ERMENİ SÜRGÜNÜ
ALMAN TAVSİYESİ
Kerem
Çalışkan (Prof. Dr. İlber Ortaylı ile röportaj)
Prof. Ortaylı
Ermenilerden özür kampanyasına karşı çıkarak “özür devletten devlete olur”
dedi. Ortaylı “Ermeni tehciri (sürgünü) olayını, Sarıkamış sonrası, cephe
gerisini temizlemek için ALMAN GENELKURMAYI’NIN TAVSİYE ETTİĞİNİ” söyledi.
Tarihçi Prof. İlber
Ortaylı, bir grup yazar ve akademisyenin Ermenilerden özür dileme girişimi
konusunda “Böyle özür olmaz, özür devletten devlete olur” dedi. Halen müdürlük
görevini sürdürdüğü Topkapı Müzesi’nde sorularımızı yanıtlayan Ortaylı, Ermeni
sürgününü o sırada askeri gerekçelerle Alman Genelkurmayı’nın tavsiye ettiği
görüşünü vurguladı. Ortaylı 35 yıldır bu konu gündemde olmasına rağmen,
Türkiye’nin Ermenice bilen konusuna hâkim Ermeni uzmanı yetiştirmemesini de
“ağır bir ihmal” olarak niteledi.
Prof. Ortaylı bu
konudaki sorularımızı şöyle yanıtladı:
-Sayın Ortaylı, bir
grubun Ermenilerden özür girişimi hakkında ne diyorsunuz?
Ortaylı- Özür devletten
devlete konuşulacak iştir. Bir takım adamların kendilerini milletin temsilcisi
yerine koymaları geçerliliği olan bir işlem değildir. Ermeni devleti ile
görüşülür bu işler. Diasporadaki bazı Ermenilerle, buradaki adamların
yaptıkları işler kimseyi ilgilendirmiyor. Ermenistan var ortada, bunu
onunla konuşacaksın. Ermenistan’la temas olursa öyle başlar bu işler. Devletler
tartışır böyle işleri. Ayağa düşecek konular değil bunlar. Ayağa düşerse ne olur?
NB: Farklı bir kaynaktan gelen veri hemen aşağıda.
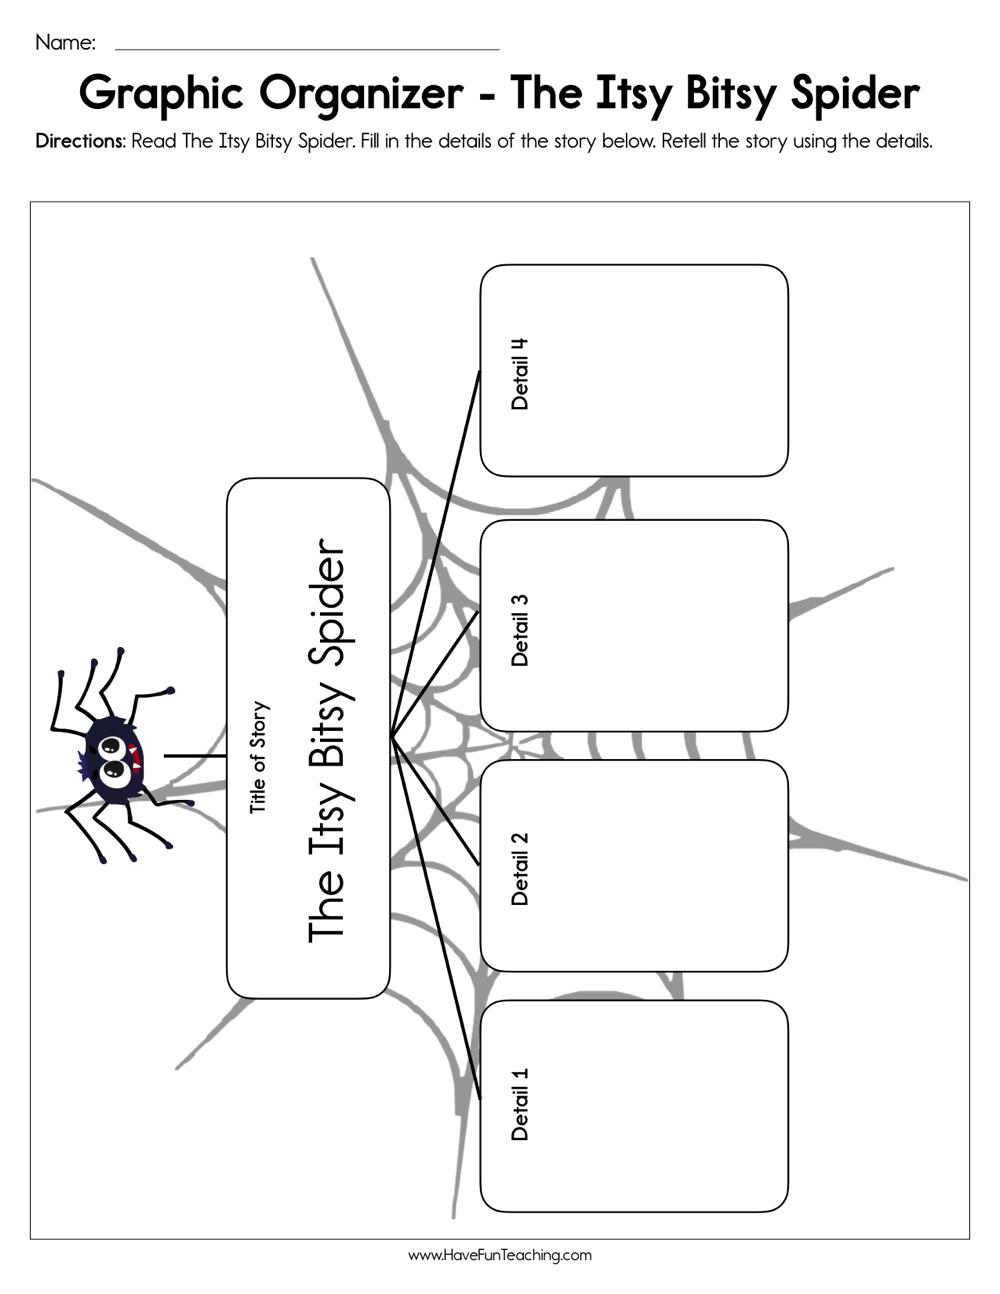 The Itsy Bitsy Spider Graphic Organizer Worksheet | Have ...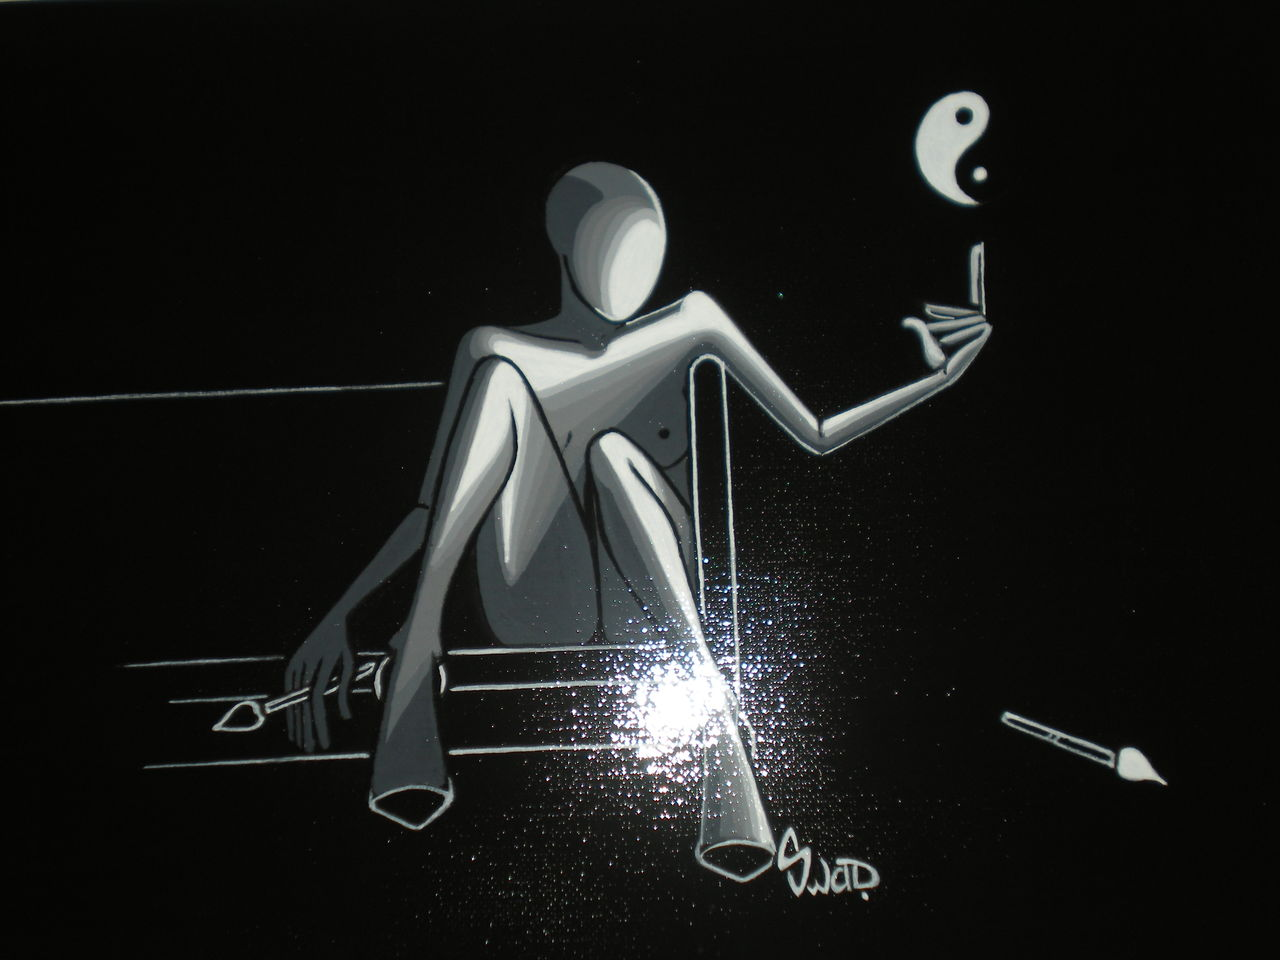 souad halima-rihoum dit SWAD en tant qu'artiste SANS NOM

Hiçbir netice alınmadığı gibi, insanlar birbirine düşman olurlar. Kutuplaşma da
artar.
-Peki bu özür işine
girişenlerin amacı nedir sizce?
Ortaylı- Onların
problemleri ayrı. O beni ilgilendirmiyor. ne istiyorlar bilmem. Onların hangi
tutku ile hareket ettiğini bilemem. Ama işte kalkıp da TANER AKÇAM’IN KİTABI
demesinler. Onu gerekçe göstermesinler. O kitabın BİLİMSEL BİR TARAFI YOK.
O KİTAP SAMİMİ BİR KİTAP DA DEĞİL. Hiçbir şekilde güvenilemez. Tez mez diye de
savunulamaz.
-Peki Ermeni
tarihçilerle bu konuda bir temas oldu mu?
Ortaylı-Benim katıldığım
herhangi bir şey olmadı. Ama bu konuda Ermenistan’la Türkiye’nin bilim
çevrelerinin, establishment’in yani, Oturup karşılıklı konuşmaları,
çalışmaları, tartışmaları lazım. Devamlı çalışmaları, görüşmeleri lazim.
Devlet var karşında.
Yani böyle özürdü, genosiddi gibi şeylerle olmaz.
Bir takım adamların
ortaya çıkması ile olmaz. Kim kimi tanıyor? Kim kimi temsil ediyor? Kimin adına
konuşuyor? Amerika’daki kim yani? Orada 50 tane Ermeni kuruluşu var. Hangisi ne
diyor?
-ERMENİ KONUSUNDA
‘GENOSİD’ TANIMI İÇİN NE DİYORSUNUZ?
Ortaylı- Genosid değil
tabii. Genosid devamlılık isteyen bir süreç. Osmanlı’da böyle bir şey yok.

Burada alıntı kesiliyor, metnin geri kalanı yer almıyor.